101 days
Today is my grandmother's 101 days in sleep. Was thinking of writing this post yesterday, but was too tired to write after one whole day at the cemetery. I'm thinking if one's dead is not going to stop them from talking to their loved ones, i guess we would not be so sad, especially my grandfather, he seem the one who misses my grandma the most.
In fact, I still get see some idiotic people who show totally no respect to grandma(just like the time when they were attending grandma's wake). I know how to agrue with them if i'm given a chance but because of stupid tradition's rule, i'm not allowed. The world is becoming more and more different now as compared to the past, i guess i will not even keep in contact with them at all if i do really earn big bucks in future(even if i do not). It is "ugly" to say that, but that is life.

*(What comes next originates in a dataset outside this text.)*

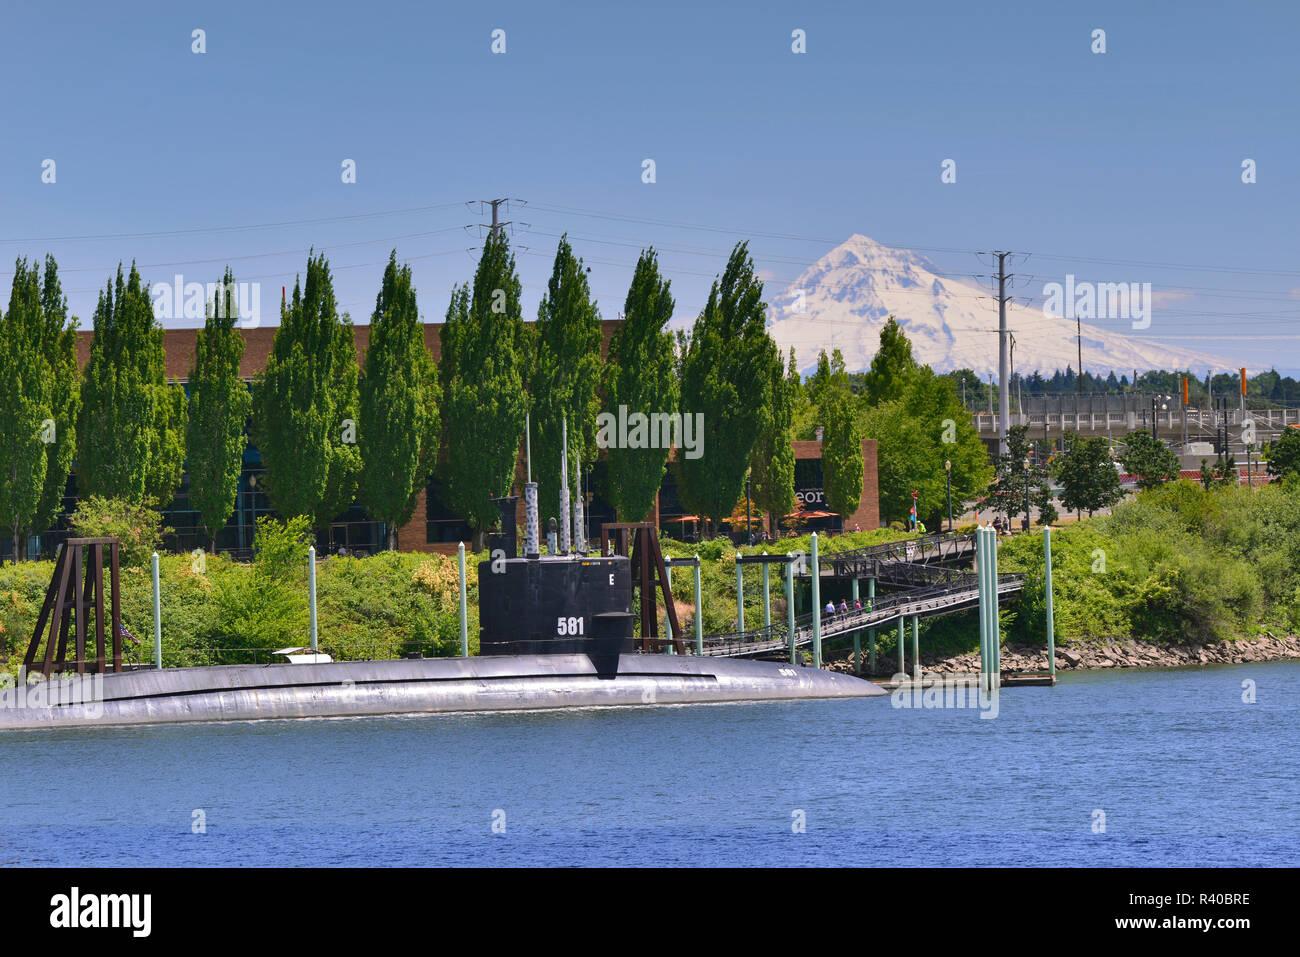 USA, Oregon, Portland  USS Blueback (SS-581) submarine and

Today, my second sister is going to get married. I was thinking yesterday why they allowed me to wake up late. I got the answer today, i shall not comment too much here, I can only say the arrangement is because of their selfishness and supersitious-thinking. It will only make even more unhappy- not sad at all. If all of you think it is alright, then i'm going to tell everyone that "getting married" in future will be no-no stuff for me anymore, at least i do not give anymore hope and then disappointment.
i can say to you all===> THANK YOU hah! i will remember that...
Saturday, July 10, 2010
8:39 AM
Days going slower/faster
Days has been untimately slower in camp as there are less friends in there which make me don't feel like returning back there at all, I don't understand why they are people who can put their years of life to the SAF by "signing on". Days passed faster when i'm outside, especially when i'm enjoying myself, but wait, "enjoying myself?". I don't think i've been enjoying at all.
Life's been quite motionless for me. I don't really have any direction to head for or any ambition or excitment about stuffs that is going to happen. What should i do? I don't know.
Really don't know.
Monday, July 05, 2010
2:03 PM
Am I Stupid?
It's been so long that i'm feeling this way, I'm talking about whether I'm a kind of person who are so stupid till people can used me? In this political world, I've wearing different masks to face different groups of people, which make me feeling so unhappy now.
"Happy" is like a distant "relative" from me, "he" is like already left me for so long without even have an idea to come back to see me at all. "He" left his "brother" unhappy to me, so it means wherever i go, "he" followed me.
Why?
I'm a human, a real human being living in this world. Do I really deserve the treatment that I'm getting now? I didn't do anything really that bad to deserve this few years of sufferings and is still continuing. I just want to lead my life back like in the past, can I?
Who do I understand me?
Who is the person?
Everything seem so fake to me, even myself. I just wish that when I eventually leave the army, everything will "go". But that is like what i said before i entered the army. Everything stayed the same, instead of getting better, it got worse.